Nintendo Switch版には通常の12の部族がすべて収録されていますので、さまざまな部族を試してみてください。部族はそれぞれ技術ツリーでスキルを1つアンロックした状態で始まります。そのため、部族によって異なる戦略でプレイする必要があります。また、出会う部族によって戦略を調製する必要があります。
――DLCとして追加部族が複数販売されています。どれから買うべきか迷う方もいるかと思いますが、オススメはありますか。
DLCの部族のことを、私たちは特別な部族と呼んでいます。彼らはより特殊な能力を持っており、実際に新しいゲーム体験を生み出し、通常の部族とはまったく異なるプレイを強いられるでしょう。それにしても、特別な部族でも通常の部族でも、ある部族が他の部族よりも優れているということはありません。勝つためには正しい戦略しかありません。そしてその戦略こそが『ポリトピア』のすべてです。

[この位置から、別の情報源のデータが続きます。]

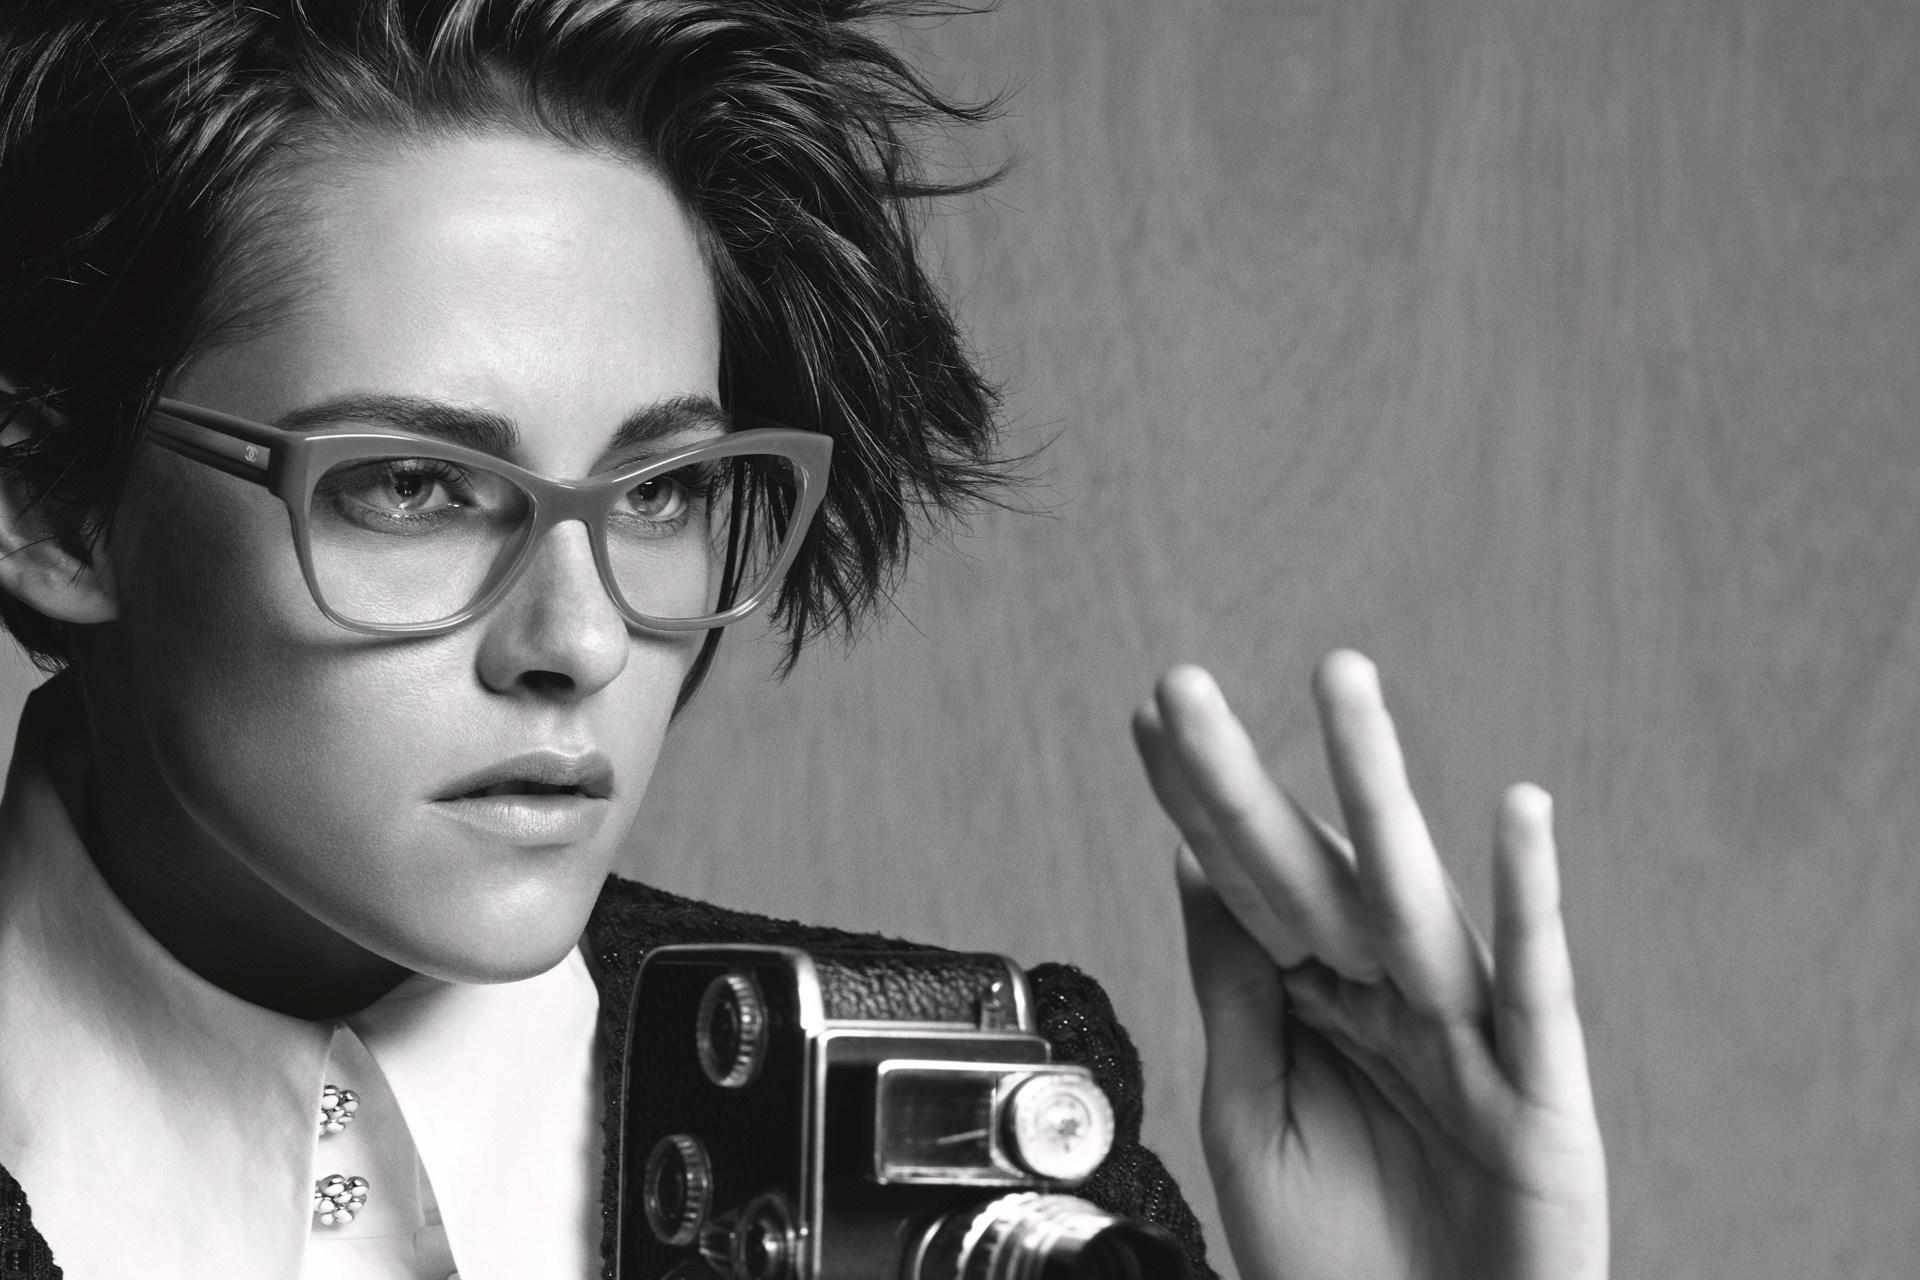 CHANEL-eyewear-kristen-stewart-Karl-Lagerfeld-1-vogue-8apr15-pr b b39ef
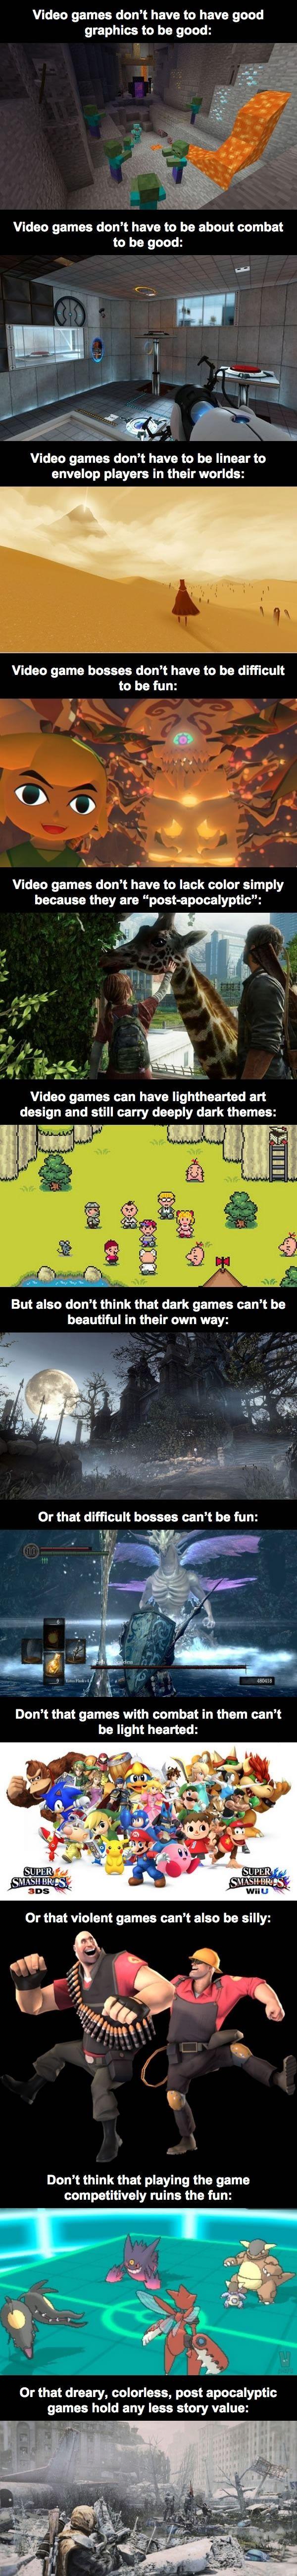 Rethink video games

――マルチプレイは、Nintendo Switch版はオフラインのみのようですが、今後オンラインに対応したり、クロスプレイに対応したりといった計画はありますか。
後にマルチプレイヤーを追加したいと考えていますが、正式な計画はまだありません。
――本作の今後の計画や展望についてお教えください。
今後も引き続きゲームも改善を行っていきます。現時点では、ゲームにスキンを導入することと、新しい部族の開発に取り組んでいます。また、マルチプレイヤートーナメントの立ち上げと運営を容易にできるようなeスポーツ機能にも取り組んでいます。eスポーツ版には、ターン時間の制限やリプレイ、その他にもクールな要素が盛り込まれています。間違いなく面白くなりますよ!
『ポリトピア(The Battle of Polytopia)』は、Nintendo Switch/PC(Steam)およびiOS/Android向けに配信中だ。